Example 19: FAILURE CASE — Missing Gap for Multi-Step Forecasting

Real-World Failure: No Gap Between Training and Test

When forecasting h steps ahead, features at test time may include information that wasn’t available at the forecast origin time.

The bug: Training data ends at time t, but test features at t+1 include values from time t that weren’t available when you needed to make the h-step forecast at time t-h+1.

Consider forecasting 4 steps ahead: - At time t, you need to forecast y[t+4] - Your lag-1 feature at t+4 is y[t+3] - But y[t+3] wasn’t known when you made your forecast at time t!

This is called “information leakage through the forecast gap.”

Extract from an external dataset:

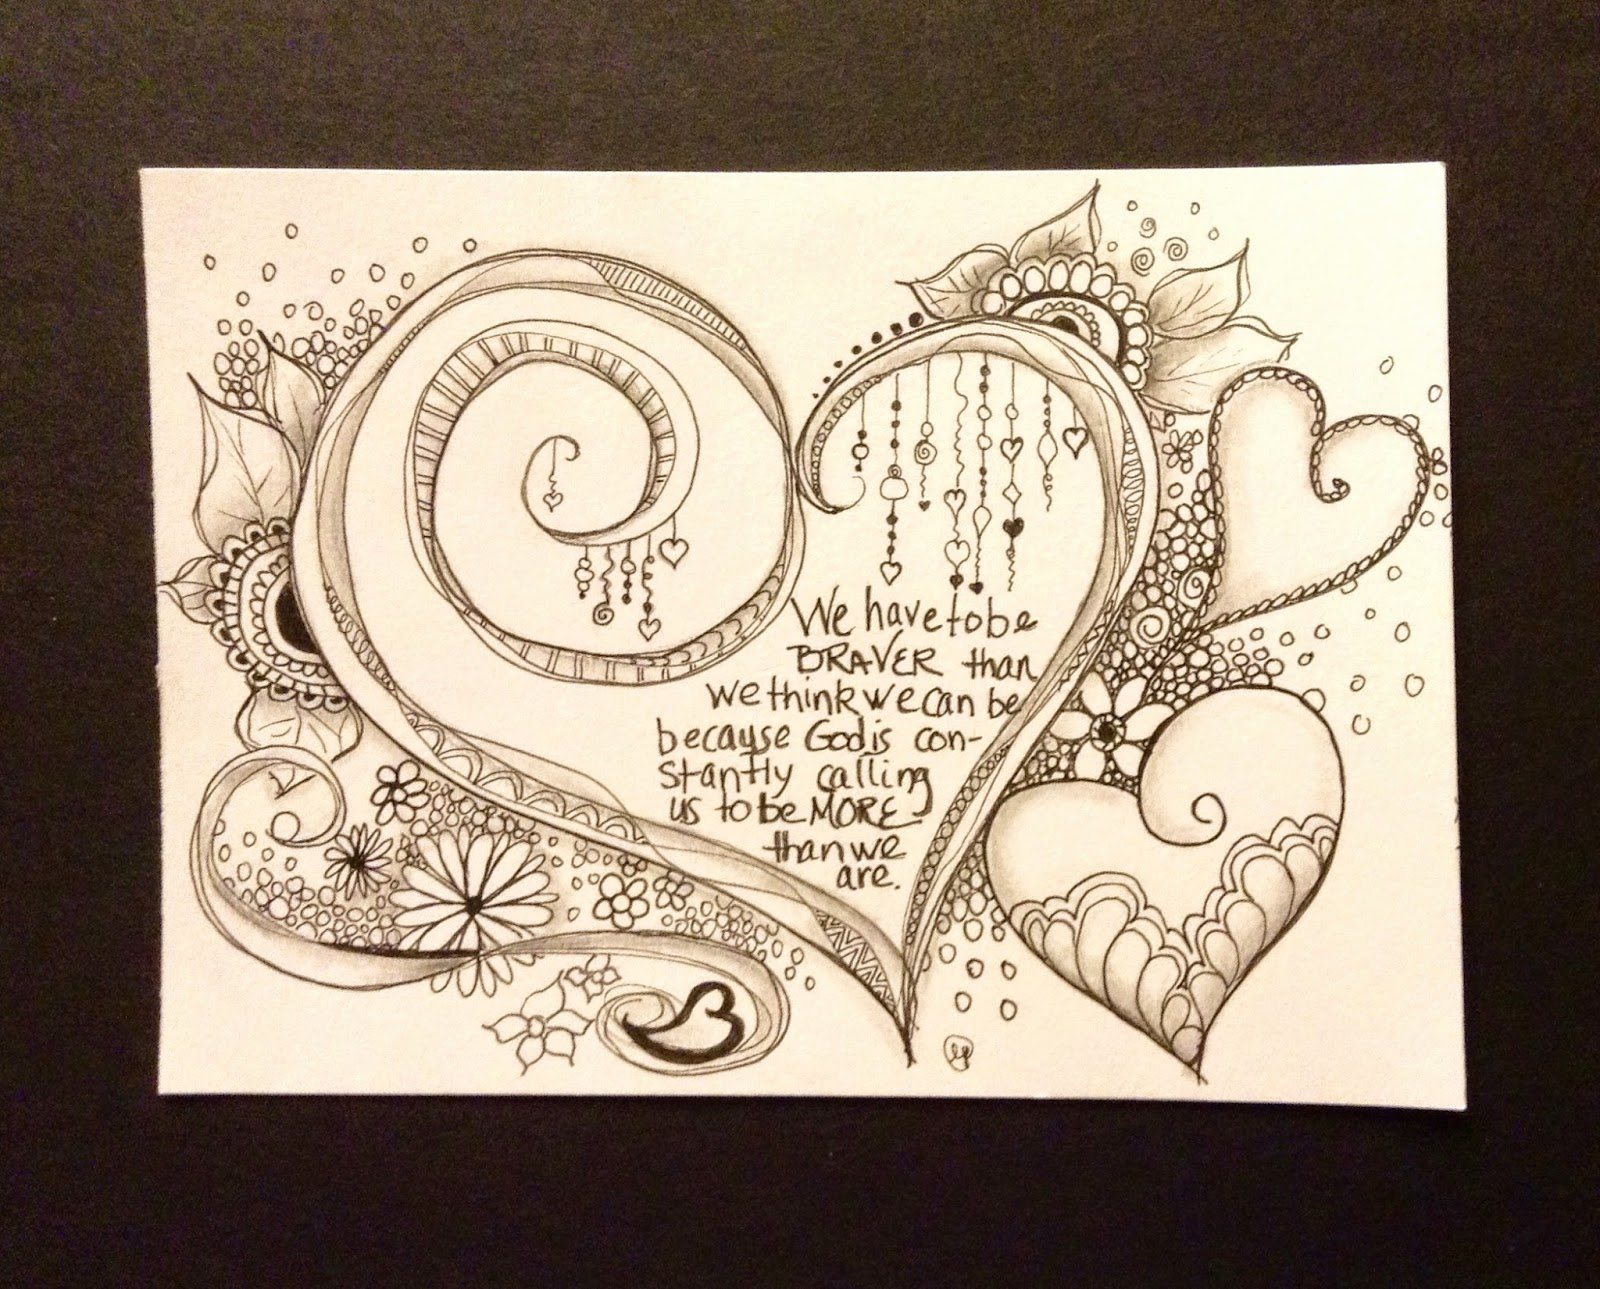 Hearts In Zentangle Style Stock Vector - Image: 65979218 |Zentangle Heart Graphics

This example demonstrates: 1. How missing gap inflates multi-step forecast accuracy 2. How WalkForwardCV with horizon parameter fixes it 3. The performance degradation when using proper gap enforcement

Key Concepts

  • Forecast origin: Time when forecast is made

  • Forecast horizon: Steps ahead to predict

  • Gap enforcement: Training ends at forecast_origin - horizon

from __future__ import annotations

import numpy as np
import pandas as pd
from sklearn.linear_model import Ridge
from sklearn.model_selection import cross_val_score

# temporalcv imports
from temporalcv import WalkForwardCV
from temporalcv.gates import gate_suspicious_improvement
from temporalcv.viz import CVFoldsDisplay, MetricComparisonDisplay


# =============================================================================
# PART 1: Generate AR(1) Data
# =============================================================================


def generate_ar_data(
    n_samples: int = 500,
    ar_coef: float = 0.85,
    noise_std: float = 0.5,
    seed: int = 42,
) -> pd.DataFrame:
    """
    Generate AR(1) process for demonstrating gap leakage.

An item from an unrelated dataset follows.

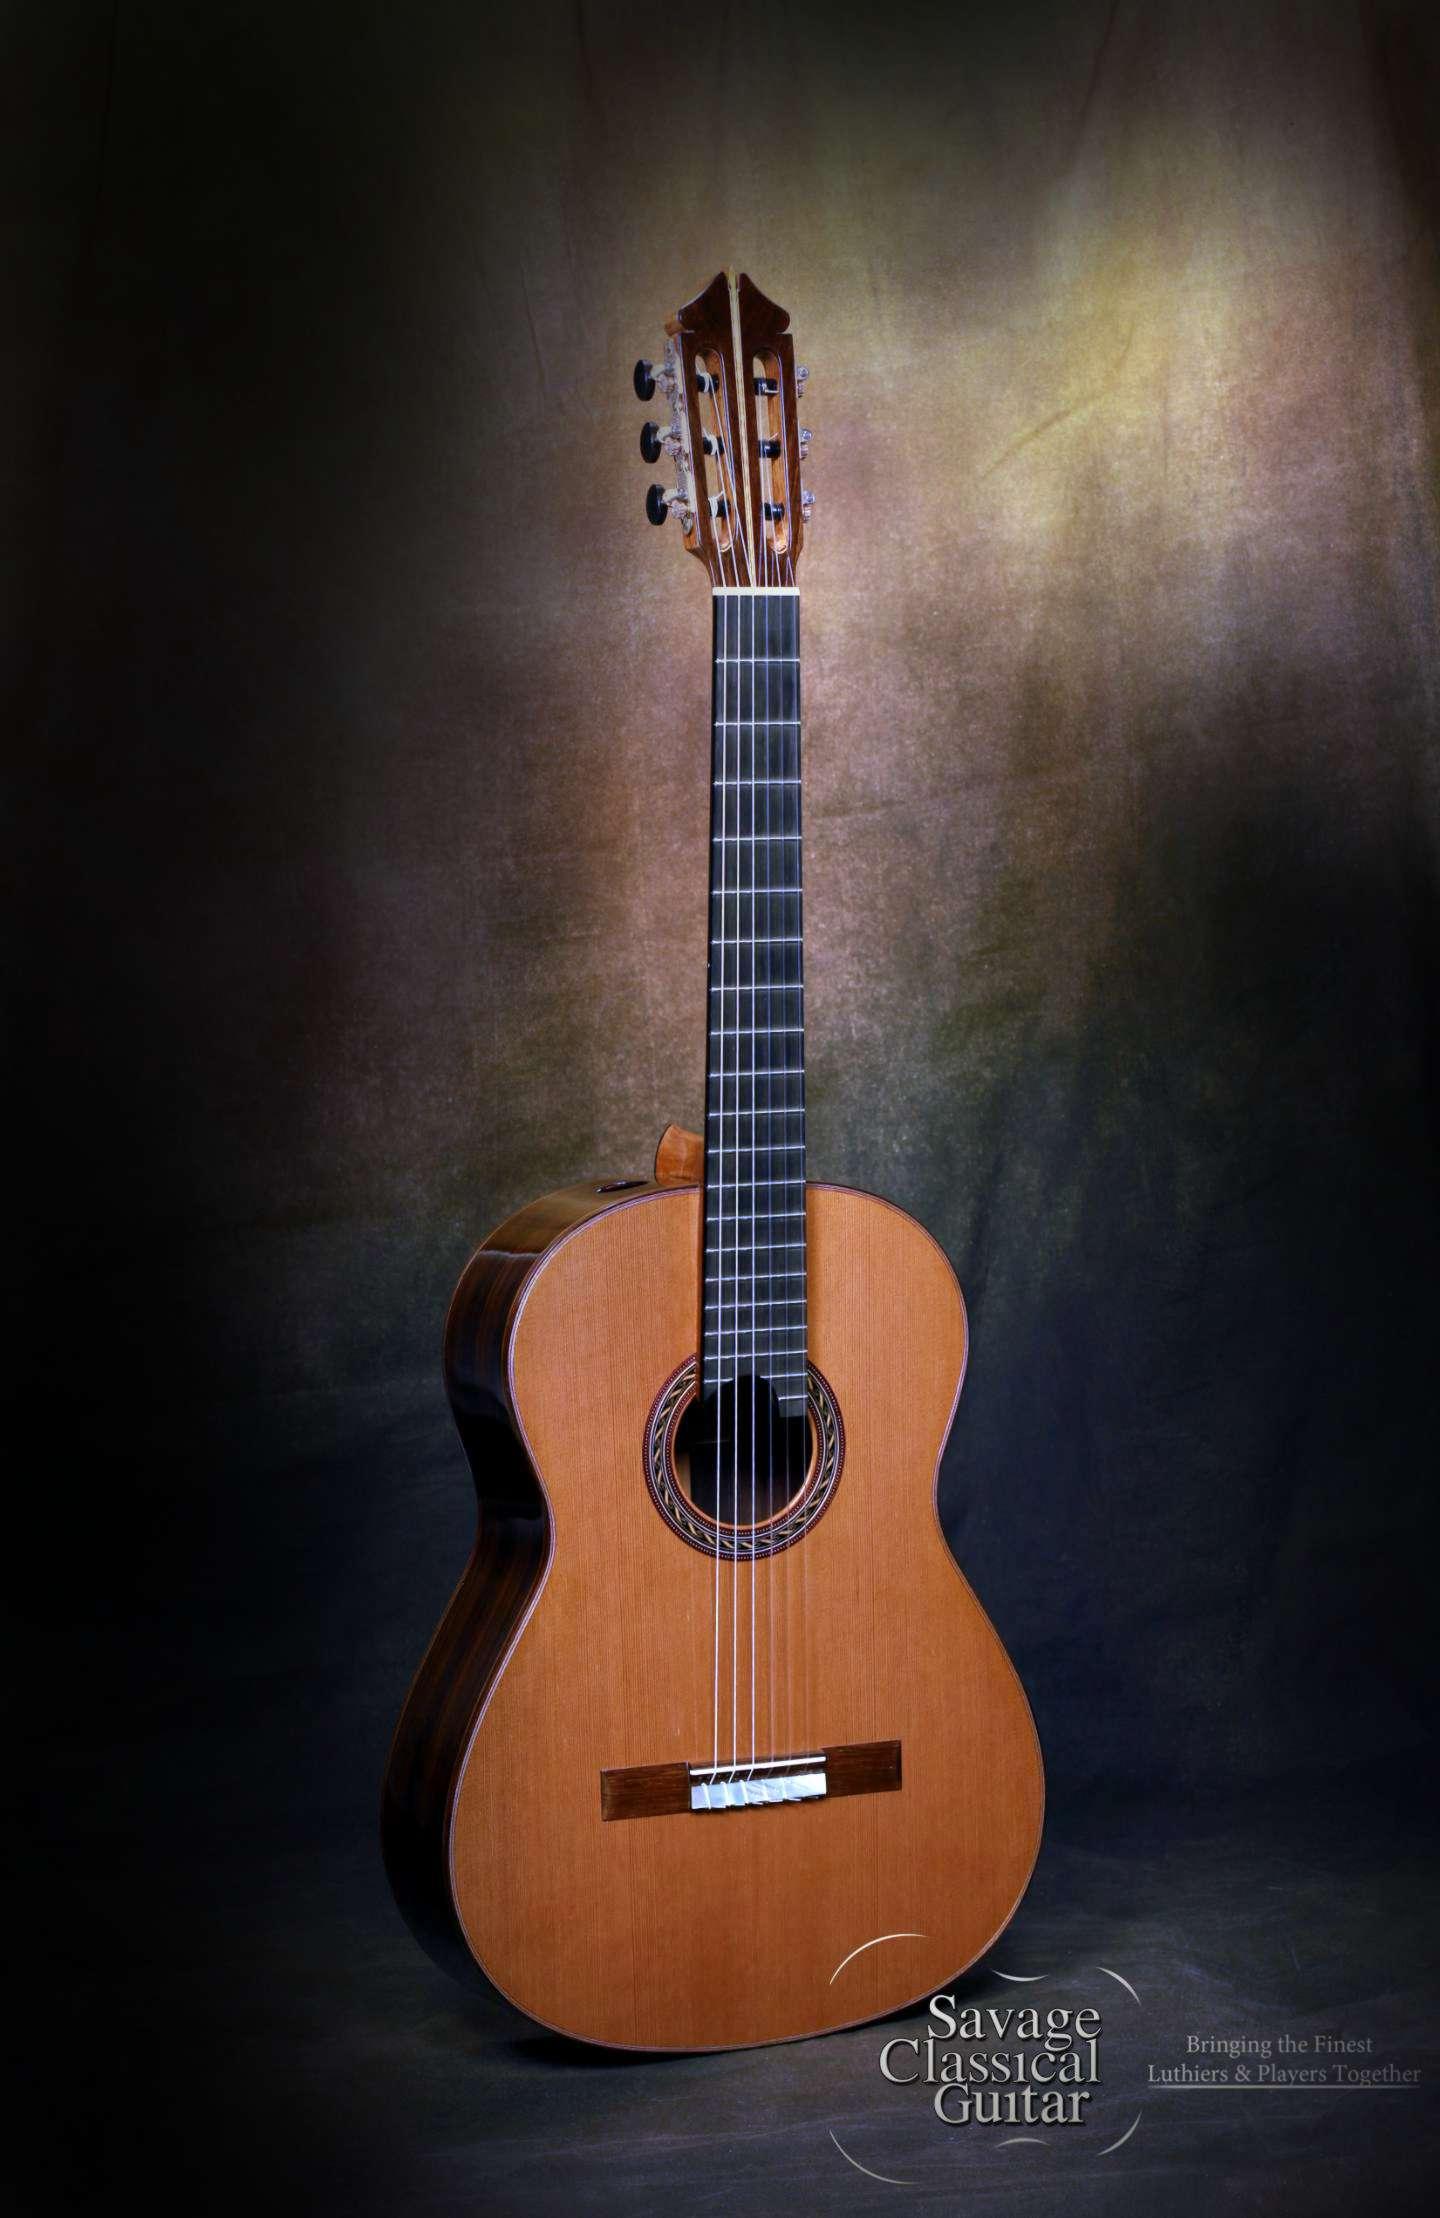 Kenny Hill Signature Classical Guitar 3803 Cedar Savage

    AR(1) data is ideal for this demonstration because:
    - Strong autocorrelation makes lag features very informative
    - The information value of lag features decays with horizon
    - Missing gap artificially maintains high information value

    Parameters
    ----------
    n_samples : int
        Number of samples.
    ar_coef : float
        AR(1) coefficient (higher = more persistent).
    noise_std : float
        Innovation standard deviation.
    seed : int
        Random seed.

    Returns
    -------
    pd.DataFrame
        DataFrame with target and lagged features.
    """
    rng = np.random.default_rng(seed)

    # Generate AR(1) process
    y = np.zeros(n_samples)
    y[0] = rng.normal(0, noise_std)
    for t in range(1, n_samples):
        y[t] = ar_coef * y[t - 1] + rng.normal(0, noise_std)

    # Create DataFrame
    df = pd.DataFrame({"y": y})

    # Add lagged features
    for lag in [1, 2, 3, 4]:
        df[f"y_lag{lag}"] = df["y"].shift(lag)

    df.index = pd.date_range("2020-01-01", periods=n_samples, freq="D")
    df = df.dropna()

    return df


print("=" * 70)
print("EXAMPLE 19: FAILURE CASE — MISSING GAP FOR MULTI-STEP FORECASTING")
print("=" * 70)

# Generate data
df = generate_ar_data(n_samples=500, ar_coef=0.85, seed=42)

print(f"\n📊 Generated AR(1) data: {len(df)} samples")
print("   AR coefficient: 0.85 (strong persistence)")
print(
    f"   Autocorrelation at lag 1: {np.corrcoef(df['y'][1:].values, df['y'][:-1].values)[0,1]:.3f}"
)

# =============================================================================
# PART 2: The Problem — Features Include Future Information
# =============================================================================

print("\n" + "=" * 70)
print("PART 2: THE PROBLEM — FEATURES INCLUDE FUTURE INFORMATION")
print("=" * 70)

print(
    """
Scenario: Forecasting 4 steps ahead (horizon=4)

At time t=100, you need to forecast y[104]:
- You have observations up to y[100]
- You can use y[100], y[99], y[98], y[97] as features
- Feature y_lag1 at t=104 is y[103] — NOT AVAILABLE at t=100!

WRONG approach (no gap):
- Train on data up to t=100
- Test starts at t=101
- y_lag1 at t=101 is y[100] — seems OK
- BUT: y_lag1 at t=102 is y[101] — NOT AVAILABLE at forecast origin!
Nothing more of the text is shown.